Data science is boring

Or at least a big part of it should be…

Erik Jan de Vries
bigdatarepublic
7 min readNov 27, 2020

--

TL;DR
Data scientists should become MLOps Engineer or an Analytics Translator.

We keep doing the same things over and over again

In my experience as a data science consultant, I see many companies doing the same things over and over again. Which is odd, because data scientists (as partly technical people) can be expected to automate repetitive tasks. Indeed we have many tools available to automate common tasks. Hardly any data scientist I know is still programming their own machine learning algorithms. We all use Scikit-Learn and other libraries to train decision trees and the likes. Many of us use MLflow or similar tools to keep track of the experiments we run and the models we train. But time and again data scientists everywhere are reinventing the wheel when it comes to applying these tools and tying them together.

Over and over again…

Why do we do it?

Of course we could say that every project is unique and that you can only reach optimal performance for your model if you make very specific choices in your specific setup. But let’s be honest here — nobody needs to produce a Kaggle-winning-performance-level model (unless you’re competing on Kaggle, of course). You simply need to build a model that works well enough for its purpose. The 80–20 rule usually applies and spending 80% of your time on squeezing out that final extra percentage point of accuracy simply isn’t worth it. Instead you could have built 4 more models that deliver a lot more business value.

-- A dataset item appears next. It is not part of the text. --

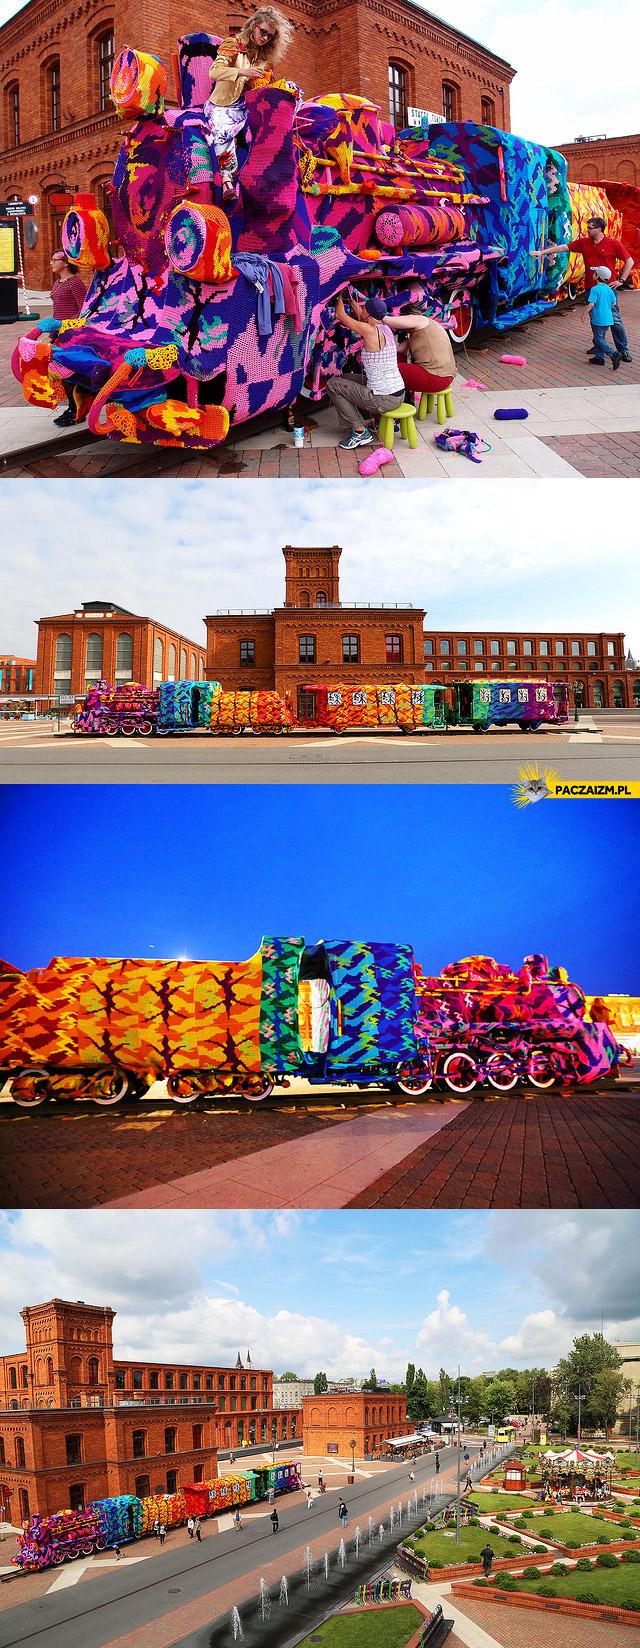 Kolorowy pociąg – Łódź Manufaktura

Furthermore, in a larger organisation, maintenance of models is much easier and much more efficient if they are always set up in the same way. A bunch of models using a common code structure are much easier to maintain, especially for someone other than the original developer.

So, again, why do we do it?

Well, basically: because we enjoy doing it. We became data scientists for a reason. In my case, I like to solve puzzles, and the underlying principles of deep learning are hugely fascinating. Gradient boosted trees algorithms such as XGBoost and LigthGBM are really quite clever, and using such an algorithm to achieve state-of-the-art performance makes me feel quite clever myself.

Gathering data and feature engineering are simply not as rewarding; to get any results, it is the 80% of hard work I (unfortunately) have to do before I get to the fun part of implementing the algorithm.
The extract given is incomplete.